#### [Task to complete]
From the material below, set down exactly the lines that run from the one containing "Как вести грязные" to the one containing "Chèn video: Việc", minus the pictures.

#### [Input records]
● ● ●

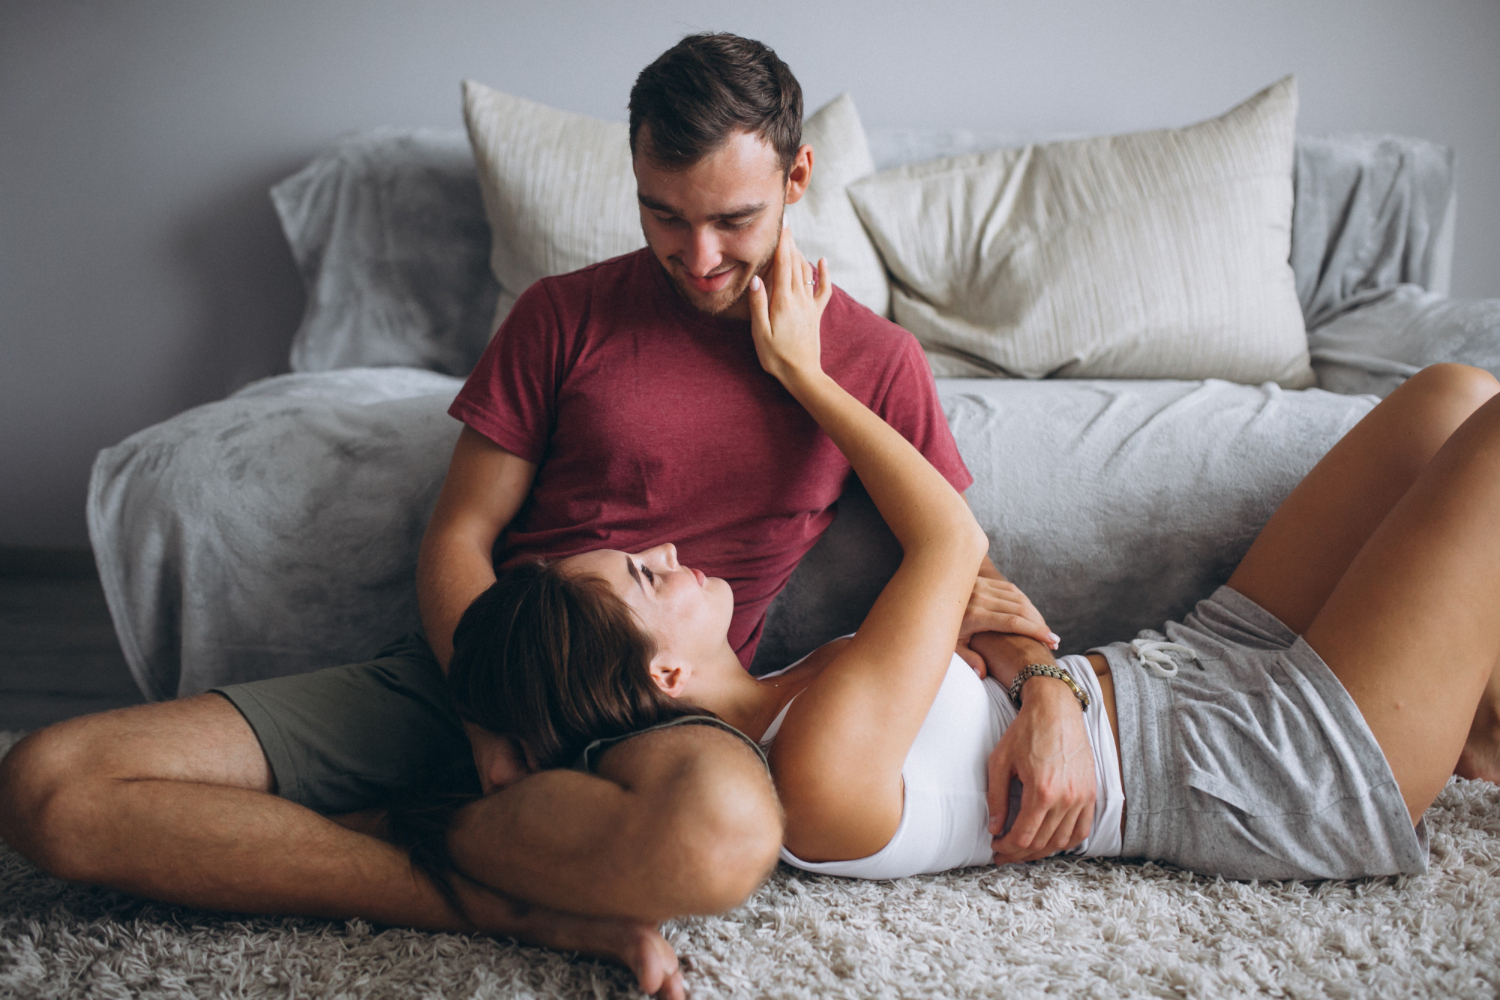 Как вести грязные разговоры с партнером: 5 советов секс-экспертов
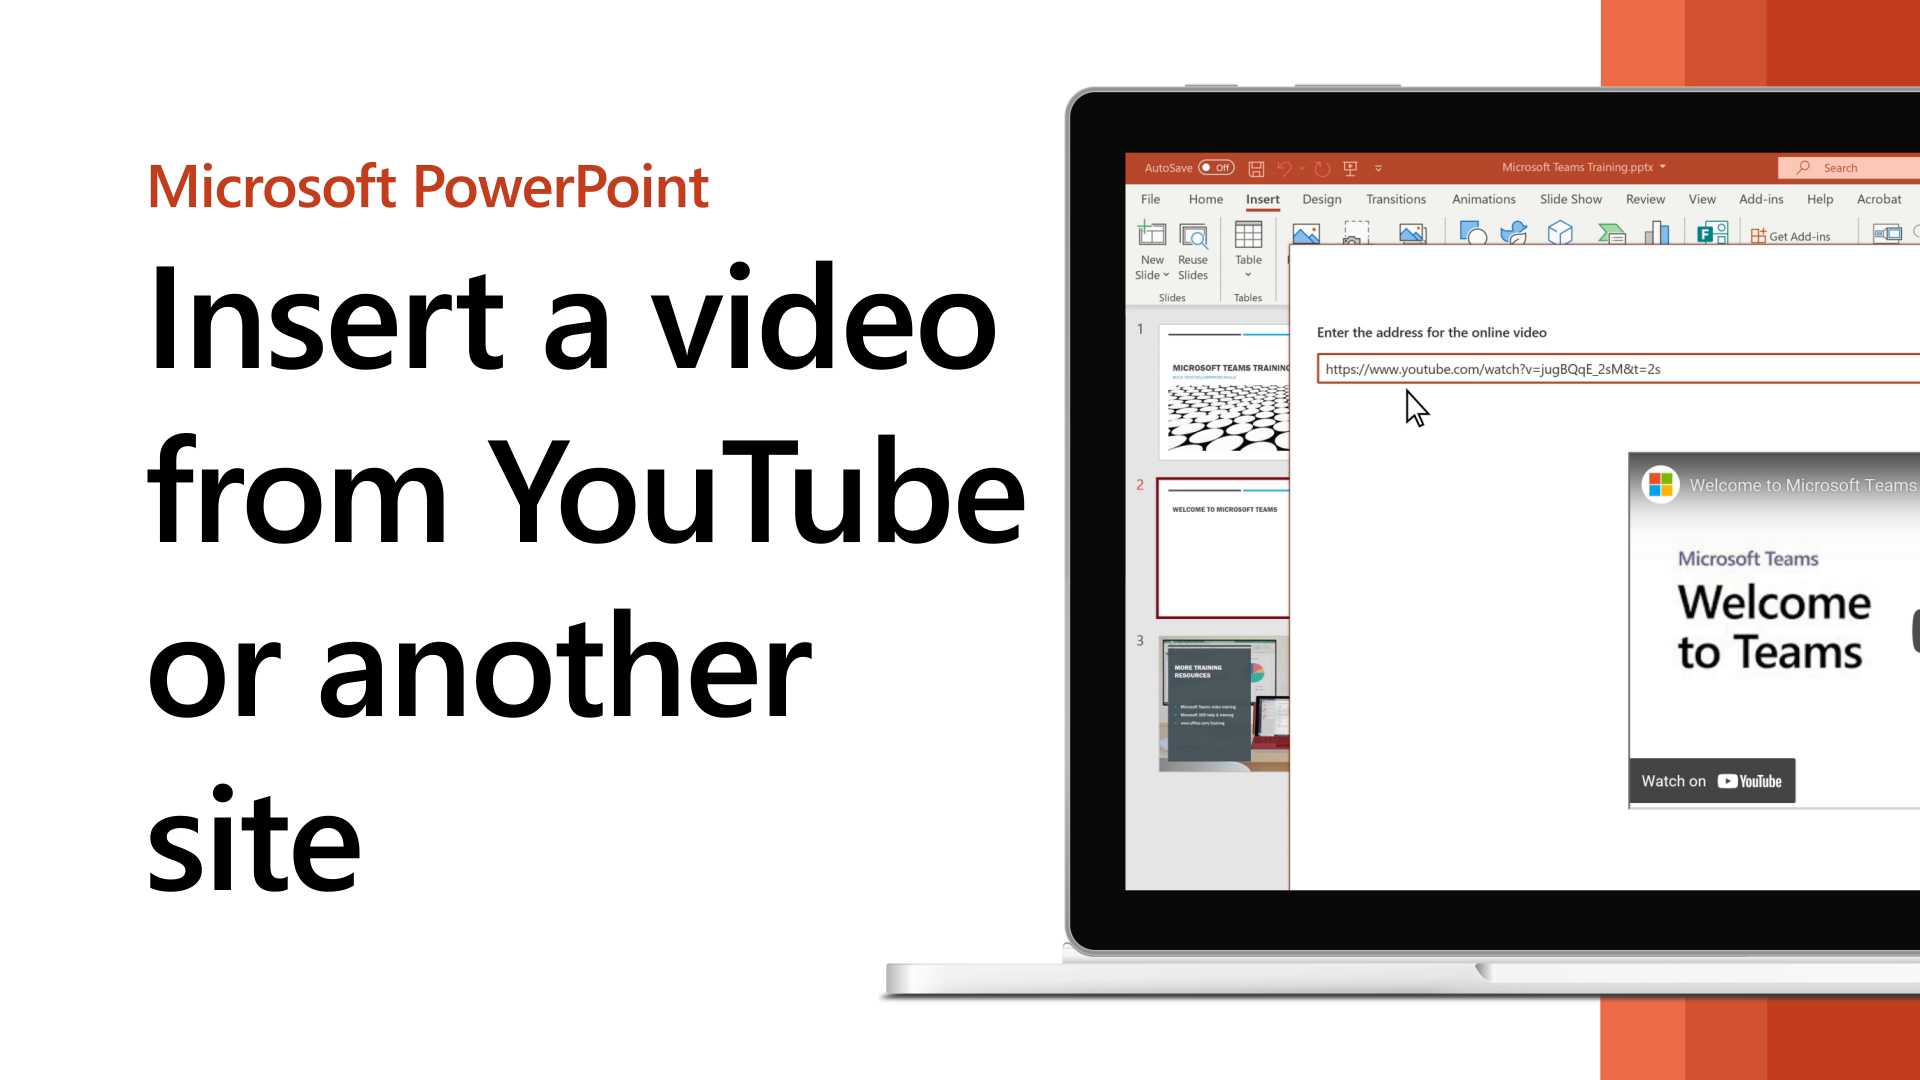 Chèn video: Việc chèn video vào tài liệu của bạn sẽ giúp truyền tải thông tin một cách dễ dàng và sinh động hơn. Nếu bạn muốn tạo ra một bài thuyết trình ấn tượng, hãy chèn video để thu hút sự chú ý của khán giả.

● ● ●

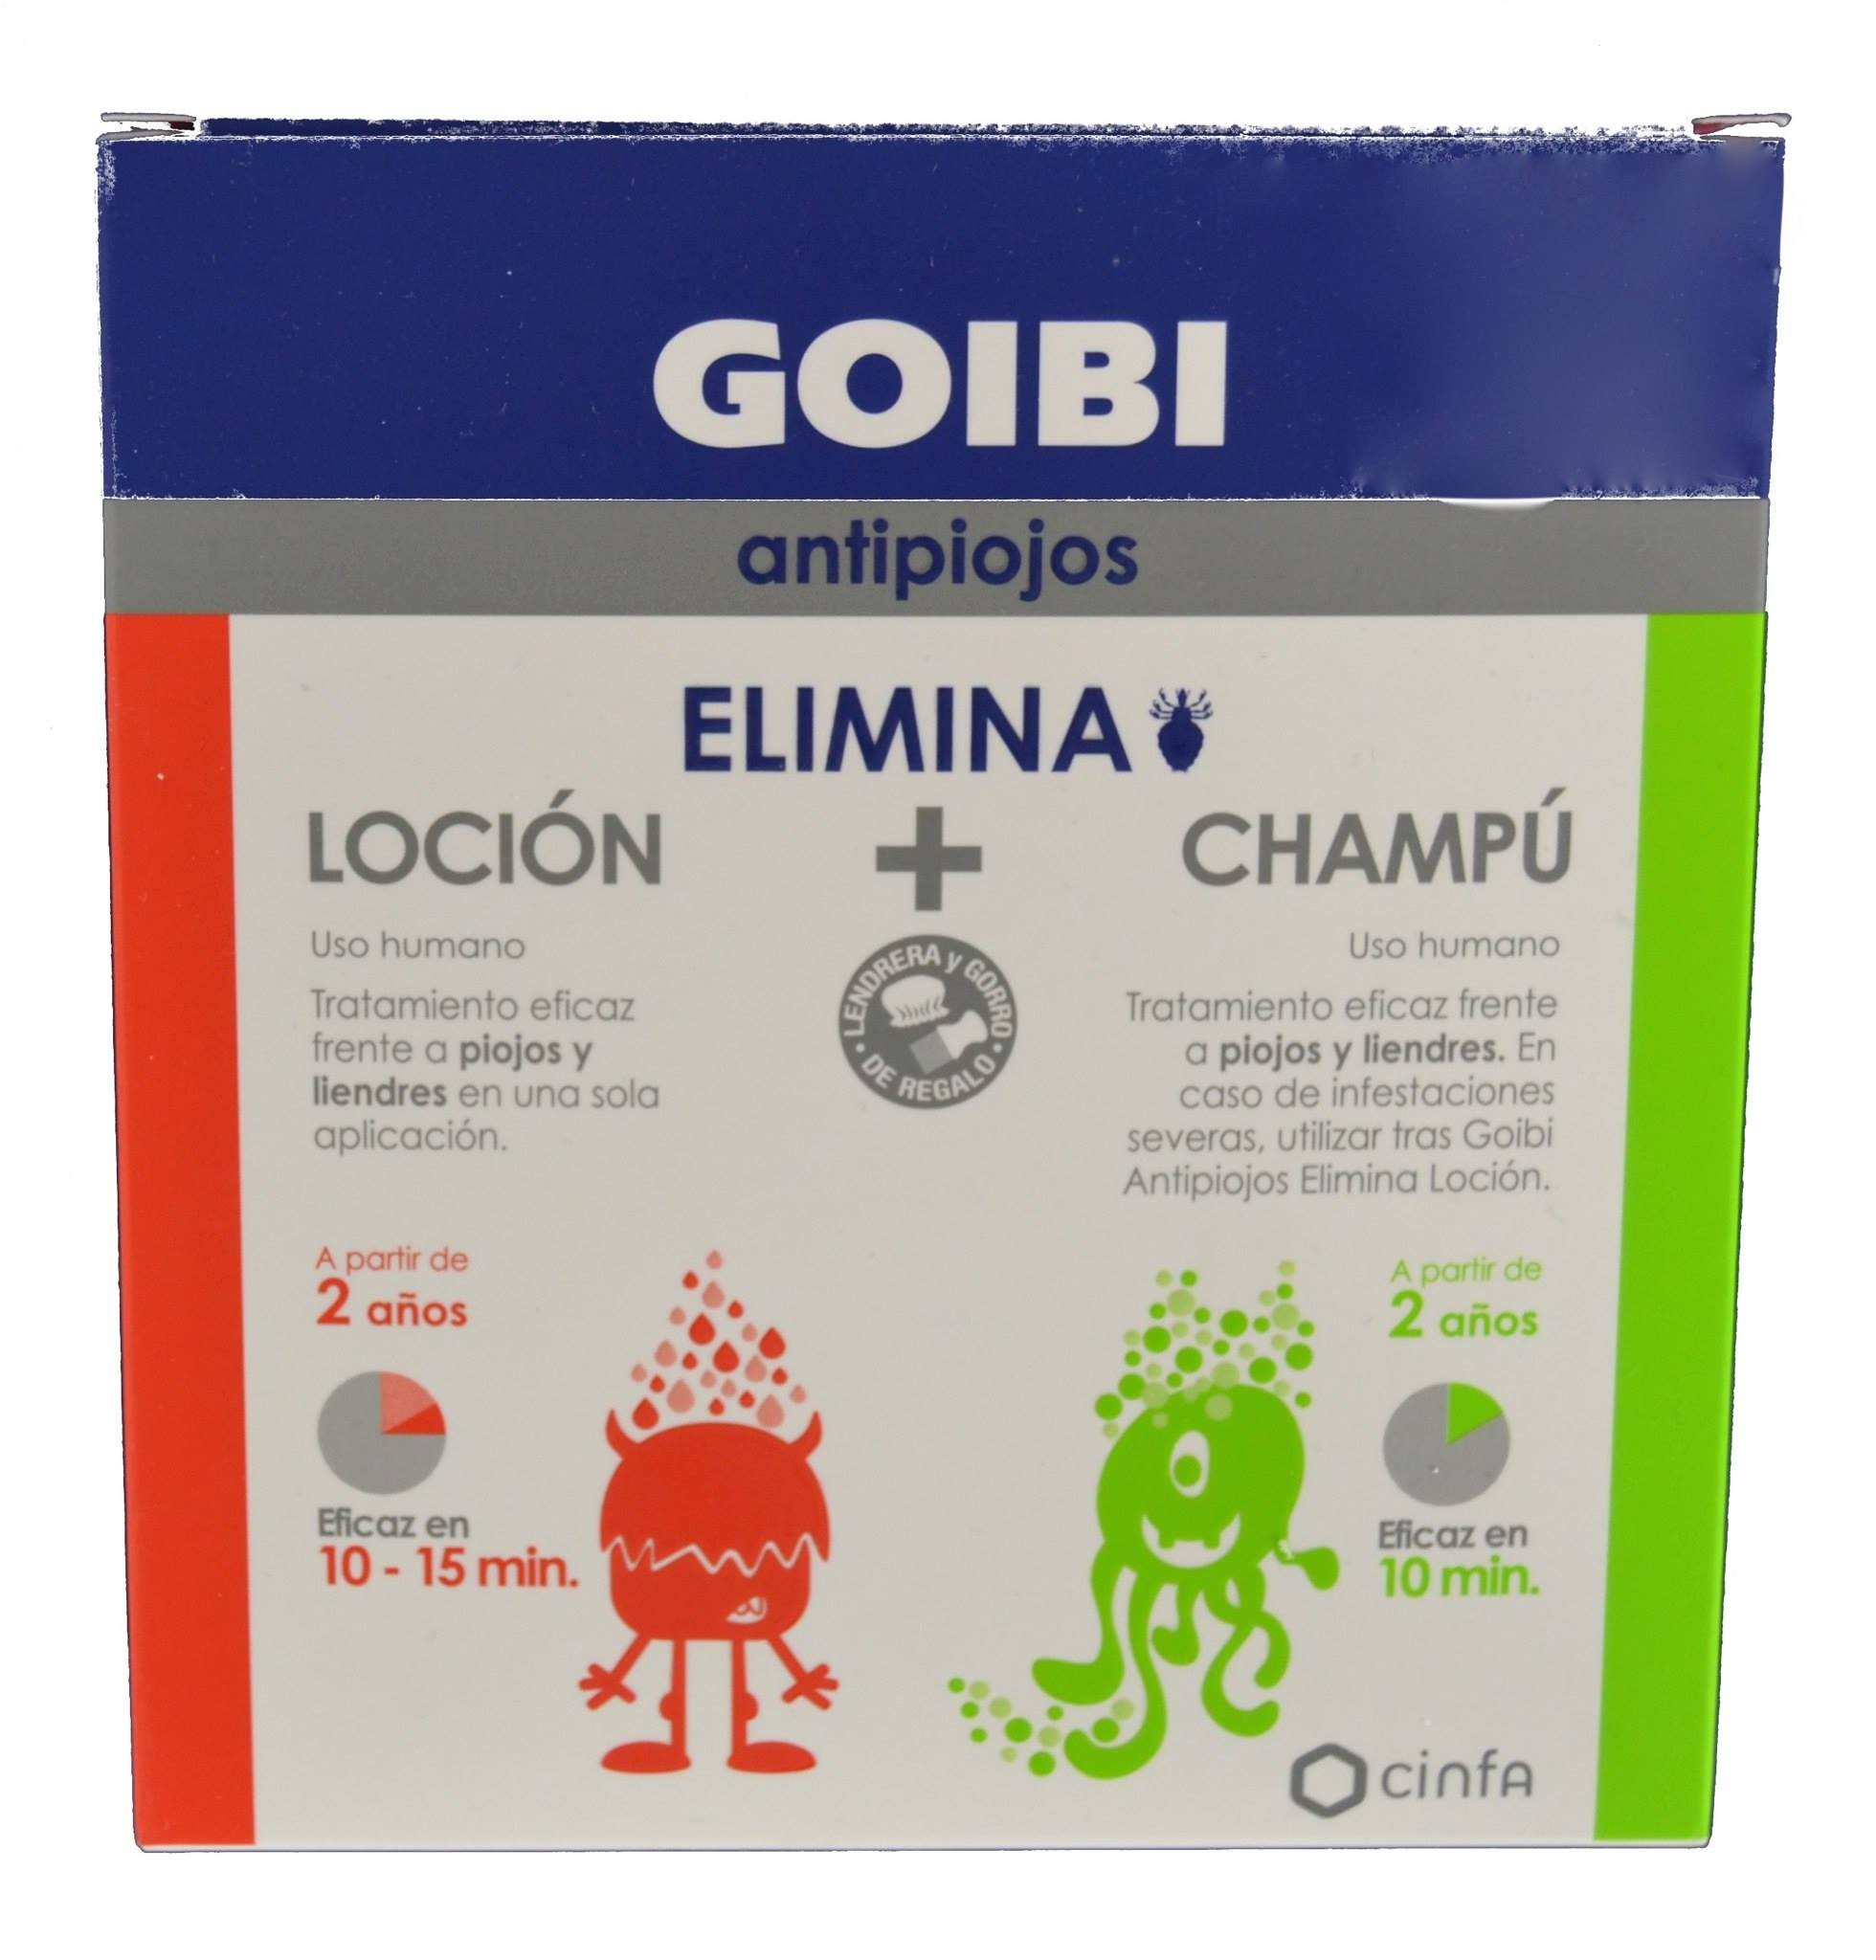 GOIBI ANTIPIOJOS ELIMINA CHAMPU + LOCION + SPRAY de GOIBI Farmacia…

● ● ●

#### [Response area]
 Как вести грязные разговоры с партнером: 5 советов секс-экспертов
 Chèn video: Việc chèn video vào tài liệu của bạn sẽ giúp truyền tải thông tin một cách dễ dàng và sinh động hơn. Nếu bạn muốn tạo ra một bài thuyết trình ấn tượng, hãy chèn video để thu hút sự chú ý của khán giả.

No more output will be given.